I wish I could have that godlike controll that some of you get, but it just does not work like that for me, the more lucid I become, the more clarity I have the harder it is to bend the rules.  Everything takes effort in my dreams, telekinesis, and all that goes with the control of matter, and even flight. But I dont mind exerting the effort.

I feel more free as I fly as a dragon, the air rushing over my wings and lift they generate, the warmth of the sun on my back, the fridged cold air in my lungs and the pull of gravity on me as a whole.  Doing the superman? I duno.. its lacking.. in that I dont feel gravitys tug and its effortless...

I guess having some rules to bend in my opinion makes one feel more free than having no rules at all.

Of Rage and Tranquility

Even tranquility cannot save you from some things.  There are things out there that wont care how calm and how at  peace you are. However... with tranquility comes clarity and with clarity comes focus of mind. We all know how powerful that is in a world that is more etherial.  But even with that some things will hurt you regardless of how much control you have, things that wont care if you tell them its a dream, they will just nod smile and use that fact that none of us have total control over our minds and will leap on the smallest shadow of a doubt to your abilities. Unfortunatly im one of those lucky bastards (insert sarcasm) that feels pain in the dreaming.  We all know what pain can do to ones focus  :wink2:  Sometimes standing your ground will get you in a world of hurt, it all depends on the situation and the complexity of the being of thing you face.  Sometimes rage wont help either, when you are out classed charging into a hopeless battle might just have you waking up here feeling like crap, or it might leave you in one of those dreams you cannot wake up from =/.

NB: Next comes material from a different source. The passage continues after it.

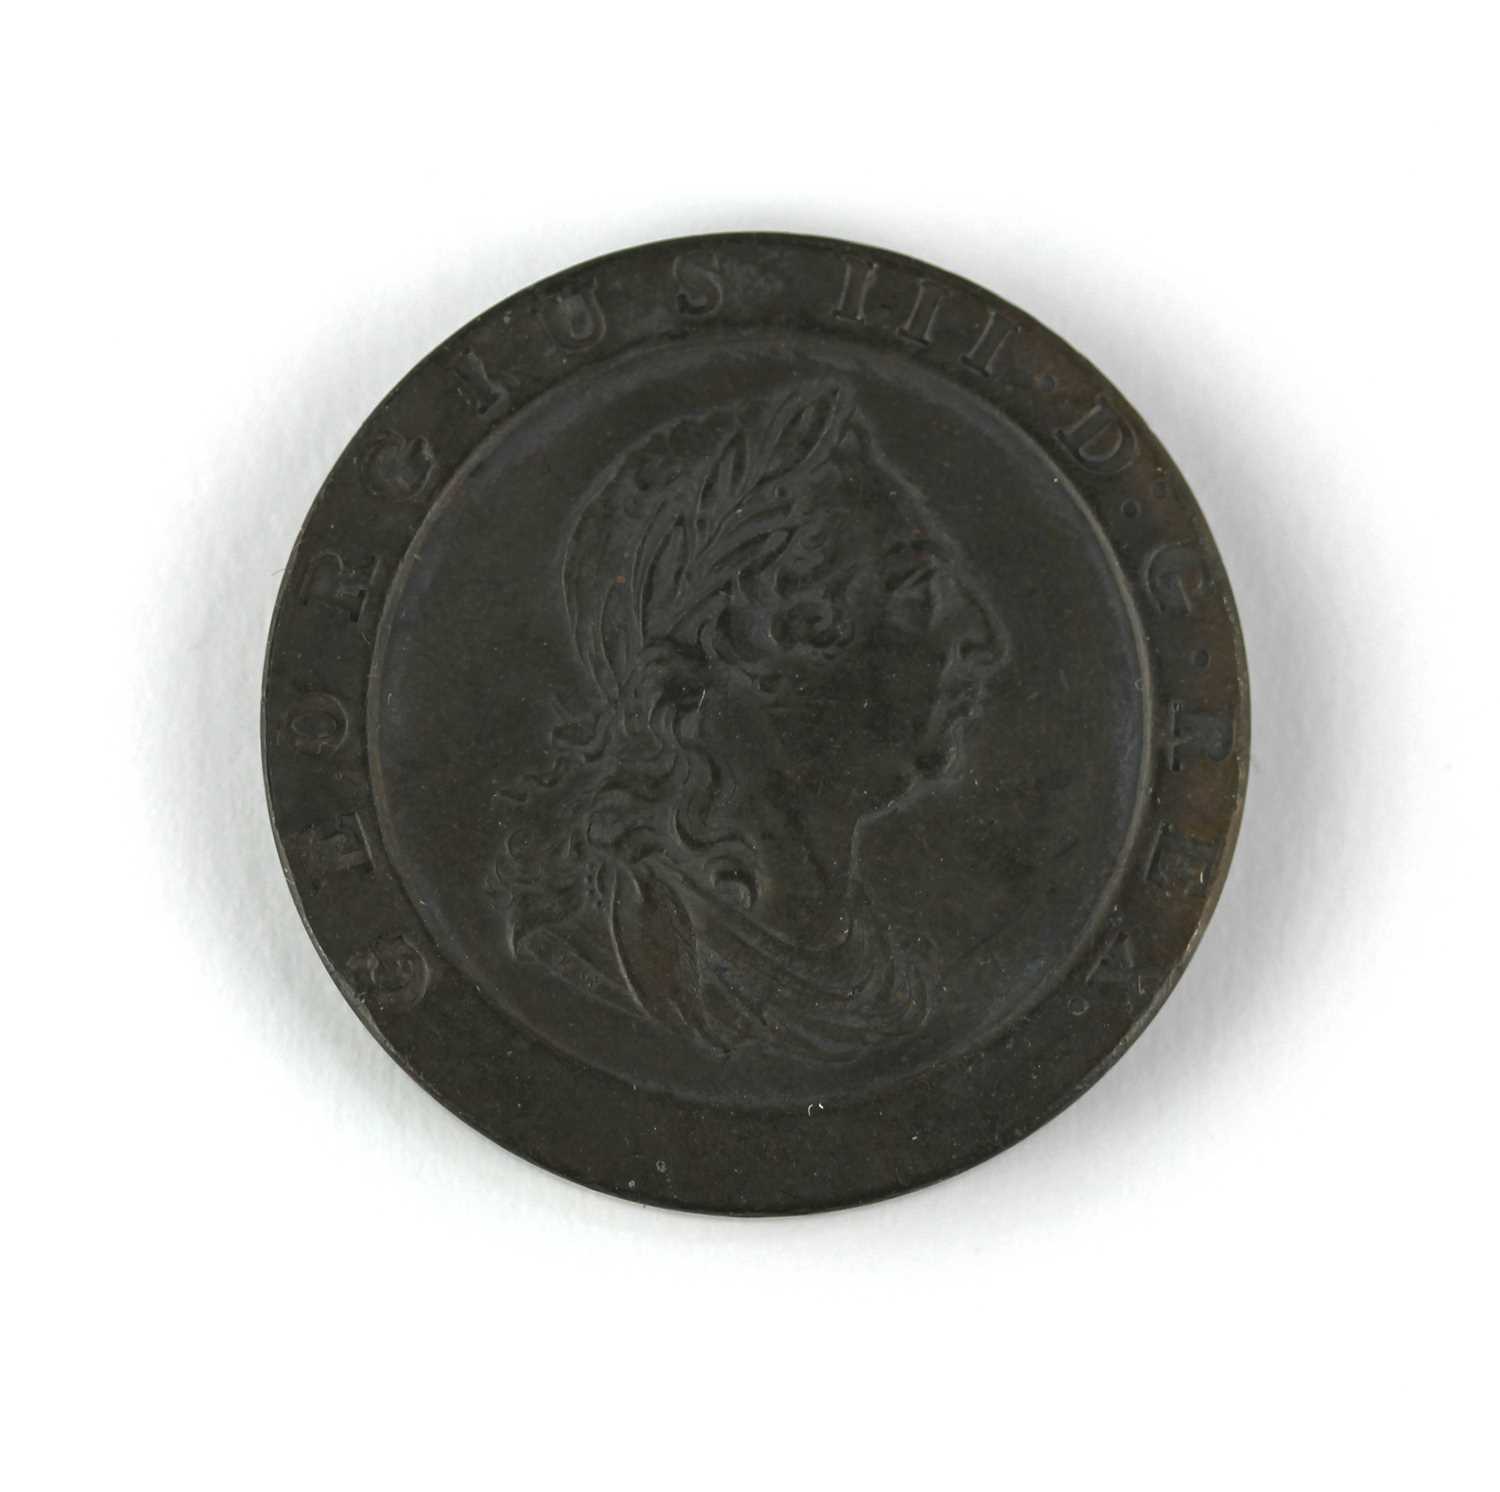 A George III cartwheel tuppence 1797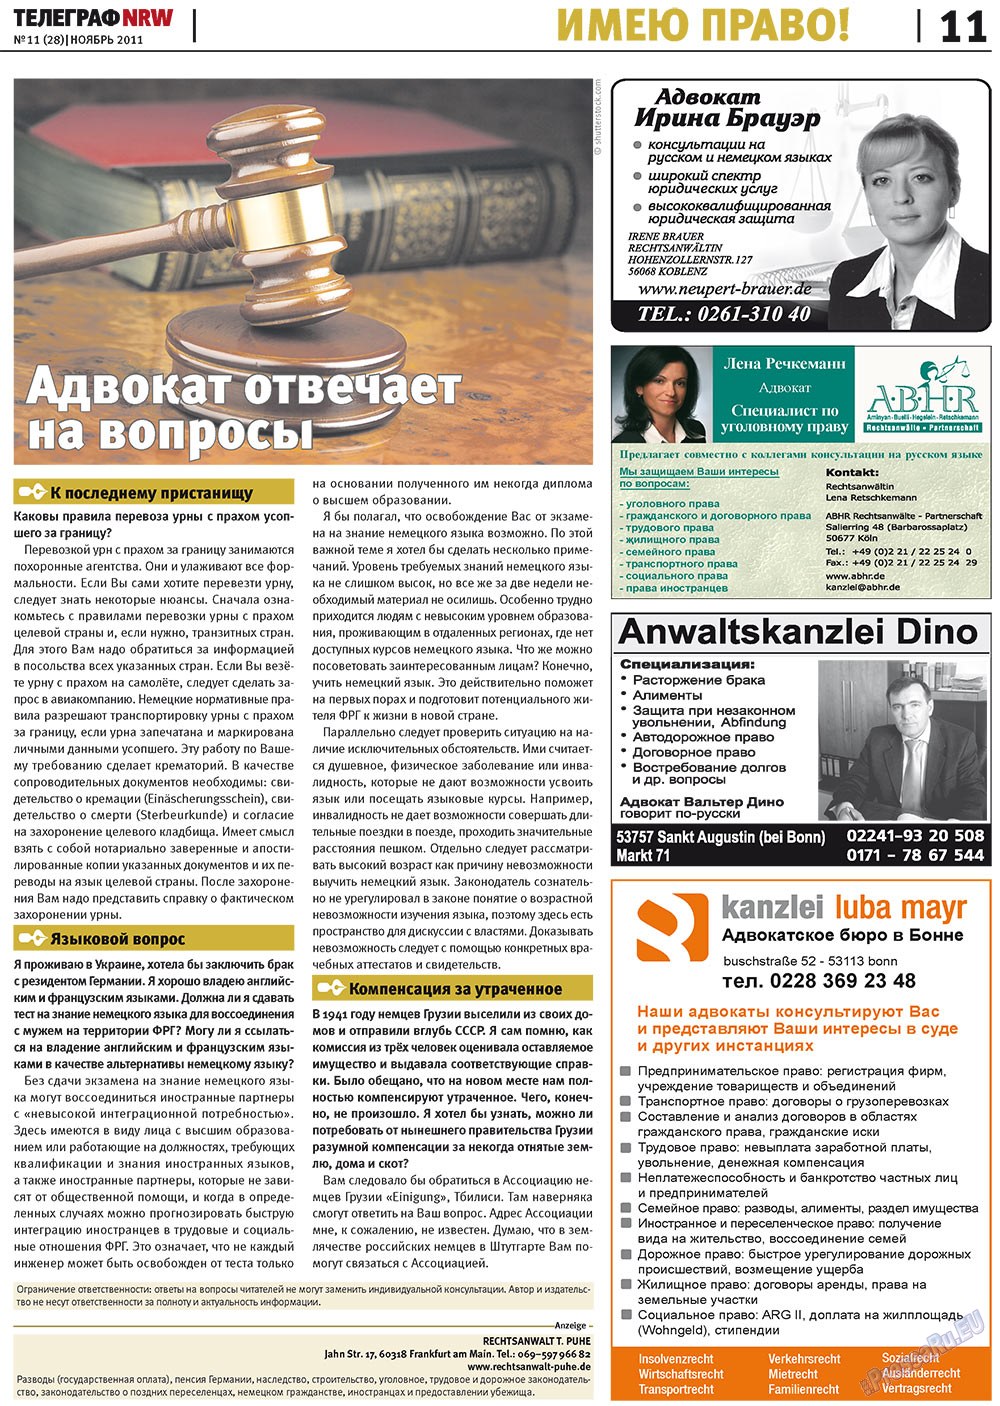 Телеграф NRW, газета. 2011 №11 стр.11

Even if we met face to face you cannot prove to me you exist. A dream character can do everything you can do. Yeah even killing me, I get shot in the head or pushed off a building and I die in the dream world I wake up. Whats to say I will not wake up if you do the same to me here. None of us really know for FACT what is beyond death, not the scientists, not the religions....Hrrmmm mebby we should ask the atheists? Nahh I doubt they know for fact either. No one has come back from complete brain death and told us what happens. 

The arrogant scientists say that if somethings real then we can measure and prove it. 

While right now we can probe into the brain and see which areas are active and such there is still no way to prove that the voice in your head exists...OR how it is you are able to hear sound when there is none. Funny thing is, your repeating everything I say in your head to understand all this, you do it when some one speaks to you too. 

But but... I wake up here every day&#33; How can this not be real.

Try waking up in the dream world in the same place a couple of times, or wake up only to find that you can wake up again.. >_< I hate those nested dreams heeh. 

I suppose you can call this the real deal because you spend so much time here so thats cool with me. 

For me your all just dream characters in a really long and mundane dream where my spirit is only able to interact with this physical world via the amplification that a brain provides. 

Besides my father taught me to treat others with respect untill the prove to you otherwise that you shouldent.  After that... @#&#036;% em. (not litrally.. get your mind out of the gutter.) 

No, killing for no reason is wrong here or in the dream world.  
What if one of the people you kill turns out was your spirit guide or whatever you want to call those beneficial dream characters that seem to know way to much and have eyes too intelligent. 

I guess I will shut up for now if this was in any way contradictory or confusing or made no sense... welcome to my world.  :wink2:  

Dammit... 

I guess killing a dream character to some of you is just like rampaging on people lower level than you on a world of warcraft pvp server, that is untill the lvl 60&#39;s start camping you HAAH.  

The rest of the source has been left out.